Berlin Ndebe-Nlome

Personal information
- Date of birth: 29 October 1987 (age 38)
- Place of birth: Douala, Cameroon
- Height: 1.76 m (5 ft 9+1⁄2 in)
- Position: Striker

Senior career*
- Years: Team / Apps / (Gls)
- 2003–2005: Westerlo
- 2006–2007: Portsmouth / 0 / (0)
- 2007: Crawley Town / 1 / (0)
- 2008: Constancia
- 2009: Atlético Monzón
- 2010: P. Ferreira / 3 / (0)
- 2010–2011: Chonburi
- 2012–2013: Sriracha /  / (15)
- 2014: Ayutthaya /  / (13)
- 2015–2016: Phuket
- 2017: Samutsongkhram / 15 / (12)
- 2017: Nakhon Pathom
- 2018: Chachoengsao Hi-Tek
- 2019–: Phuket City

= Berlin Ndebe-Nlome =

Cameroonian footballer

Berlin Ndebe-Nlome is a Cameroonian footballer. He played three matches in the Primeira Liga of Portugal for P. Ferreira in 2010.

==Career==
Whilst on trial at Portsmouth he became somewhat of an enigma around the club, playing in numerous pre-season friendlies with only his name known to players and fans and was eventually offered a contract at the club, finally receiving a work permit six weeks after signing.

Prior to signing for Portsmouth he was contracted to Belgian First Division club K.V.C. Westerlo.

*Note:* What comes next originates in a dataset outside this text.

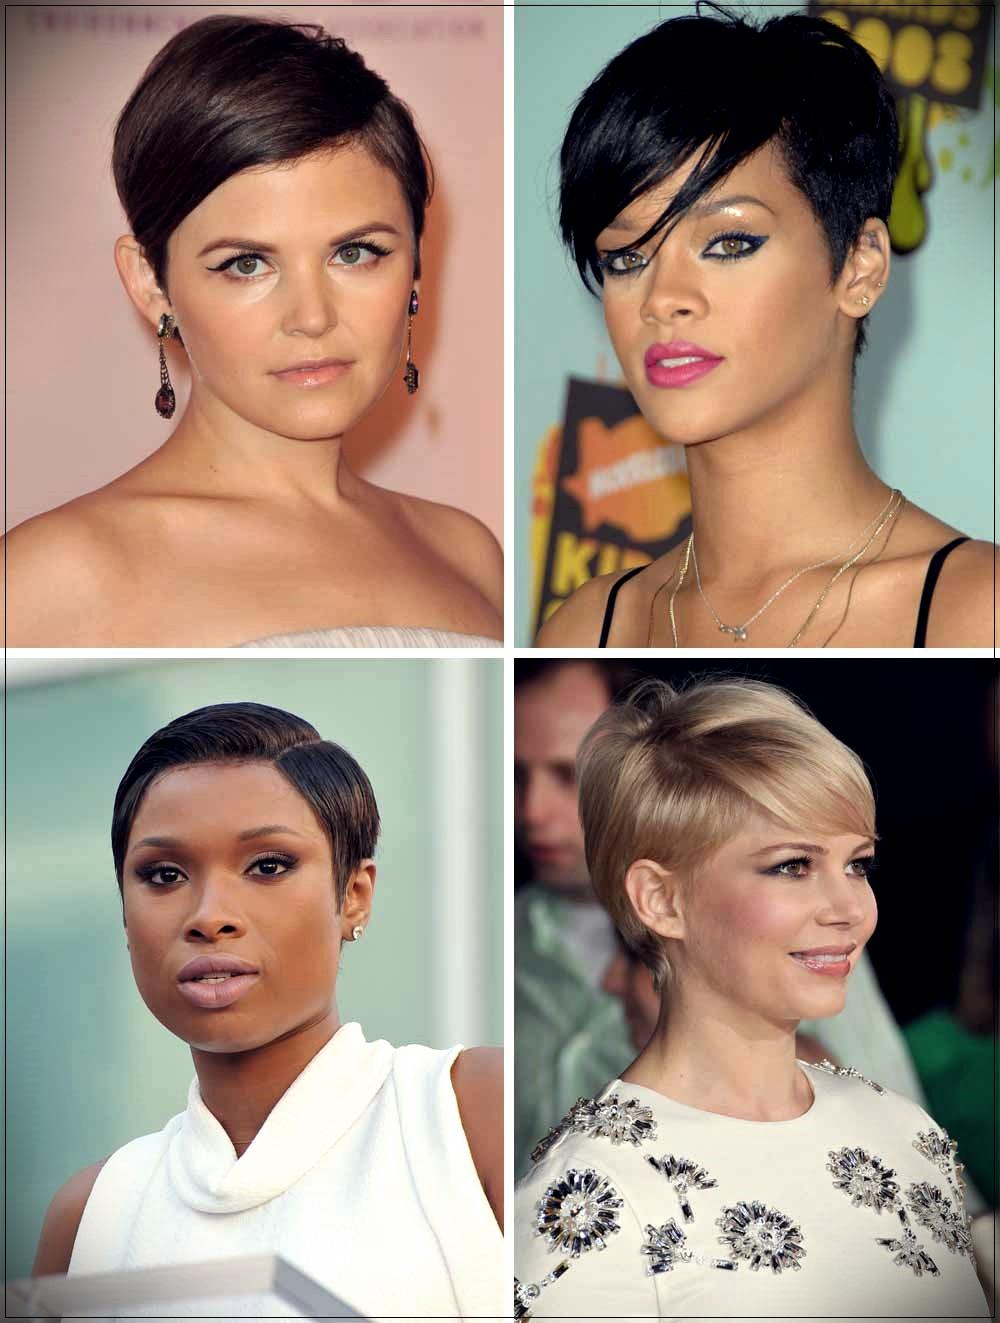 Pixie cut Ginnifer Goodwin, Rihanna, Jennifer Hudson, Michelle Williams

After his release from Portsmouth, Berlin signed for Crawley Town on a short-term deal from Portsmouth in November 2007, lasting less than a month before being allowed to move on.

In July 2009 he was offered a chance to impress on trial at Swindon Town F.C. and appeared in two pre-season friendlies before moving on. He went on to play in Portugal for P. Ferreira in 2010, although he only featured in three league matches before moving clubs again.